Spectrum Management - From the Early Years to the 1990s

by Laval Desbiens

Page 18 of 26

Surveillance and Monitoring Receivers Over the Years

Some HF receivers

(Click on the small photos to enlarge)

The SPARC Museum in Vancouver has a receiver on display that is similar to the one apparently built by the Canadian Government Radio Service.

HRO, 9 tubes, from 1934 - this receiver model was very common in interception centres during the 1939-1945 war.

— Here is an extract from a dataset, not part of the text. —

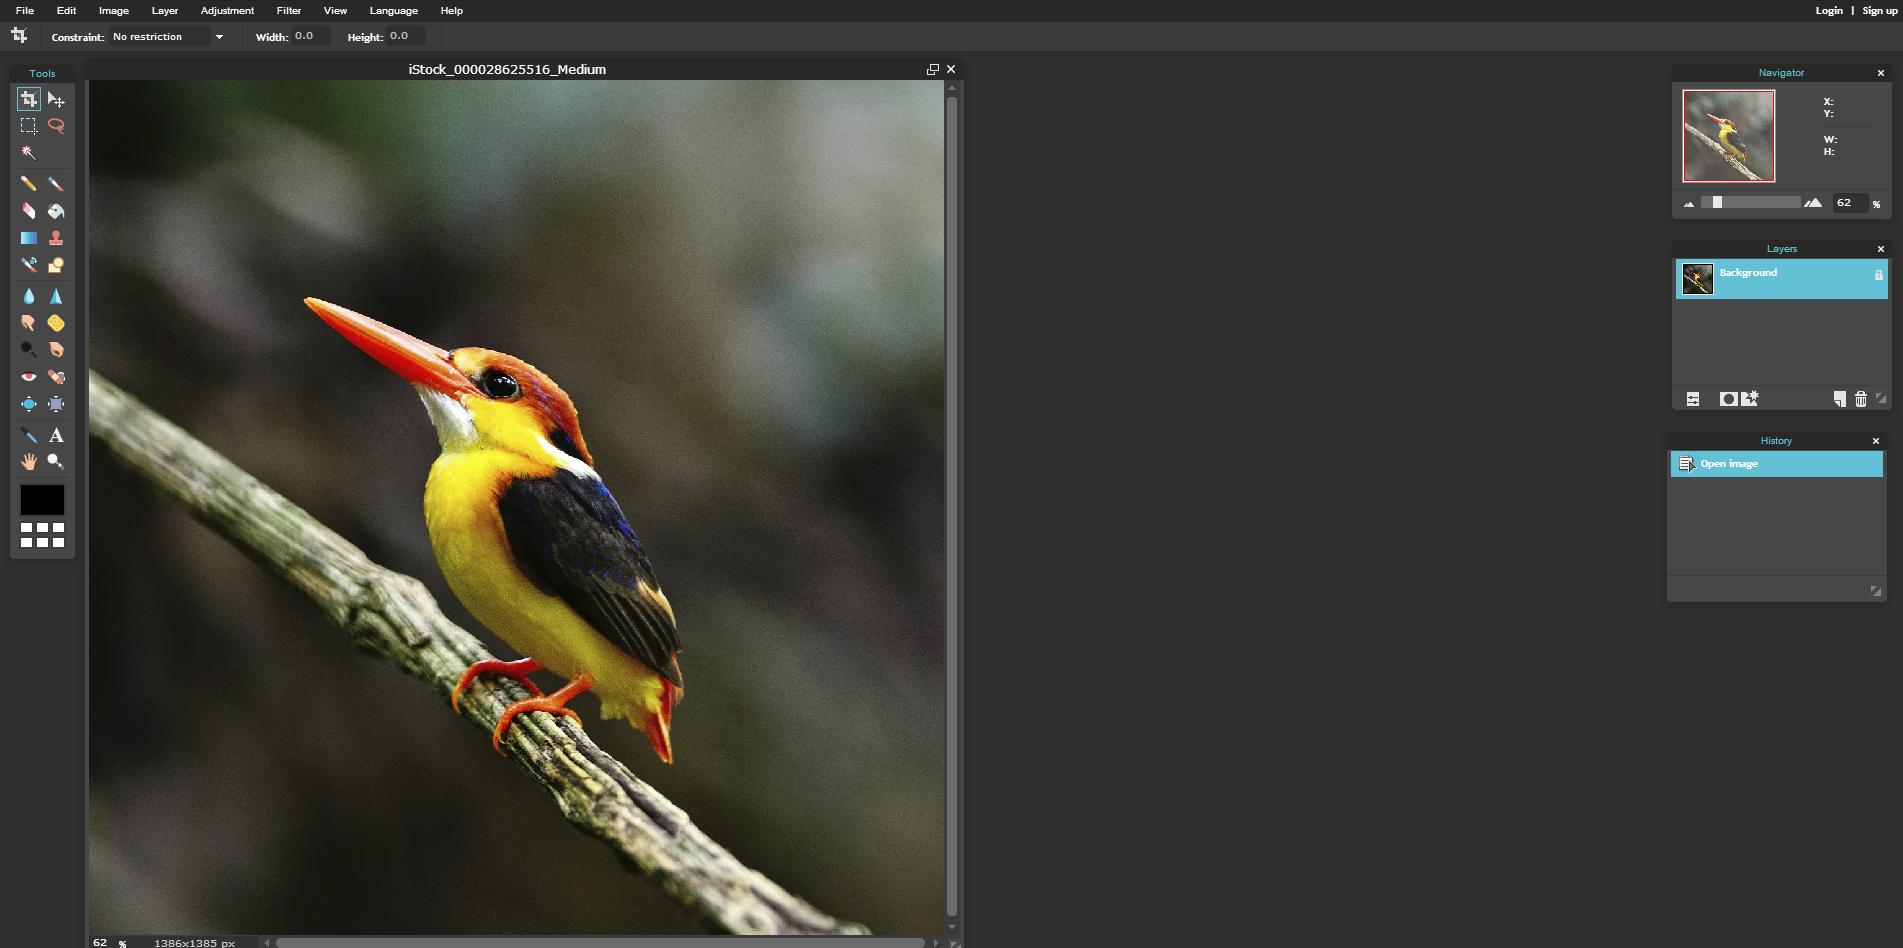 Online Photo Editor Pixlr Editor Autodesk Pixlr compressor image

At frequencies above 28 megahertz, use of the Hallicrafter S27 was nevertheless required.

Hallicrafter S27, much more sensitive in the 30 megahertz range.

National NC100, 12 tubes, covered 540 kHz to 30 MHz.

CSR5, made in Montreal by Marconi, from 1942, covers 80 kHz to 30 MHz - frequently used on Royal Navy vessels.

AR88LF made by RCA, a very sensitive, stable receiver.

National's HRO60, less effective than the RCA above. In addition, it required several plug-in coil sets to change bands, which was not very convenient. Covered 50 kHz to 54 MHz, double conversion above 7 MHz, AM and CW.

The Hammarlund HQ129X, from 1945. It was used by the district offices in particular. A bandspread was provided for amateur radio bands. Some offices had the SP600 and others had the GPR90 from Technical Material Corporation.

Racal RA17 circa 1960, the arrival of this receiver in Beaumont made many people happy. Calibrated to the kilohertz, very sensitive and stable, it was relatively easy to modify and adapt for measuring frequencies.

Racal 1217, a transistorized version of the former, with a few changes with respect to conversion. An unstable receiver that was subject to overloading.

Racal 1772, frequency synthesized and enabling easy frequency measurement. A very effective receiver.


  Some VHF/UHF receivers

The Eddystone 770R receiver, covering 19 to 165 megahertz and the 770U, with a similar chassis, covering 150 to 500 megahertz. Broadband filter that allowed for some frequency drift on the local oscillator.

Made by Vitro Electronics, apparently the model used by NASA. Relatively sensitive and tolerant to overload through use of the Nuvistor.

Astro SR208.

CEI and Watkins-Johnson, 906A covering 30 to 300 MHz with a 300-1,000 MHz down converter and 60 MHz output. A simple conversion that made it easy to measure frequencies by coupling into a mixer for the local oscillator and the 21.4 MHz IF output.

The modern day receiver, controlled by computer, making it possible to scan thousands of frequencies per minute.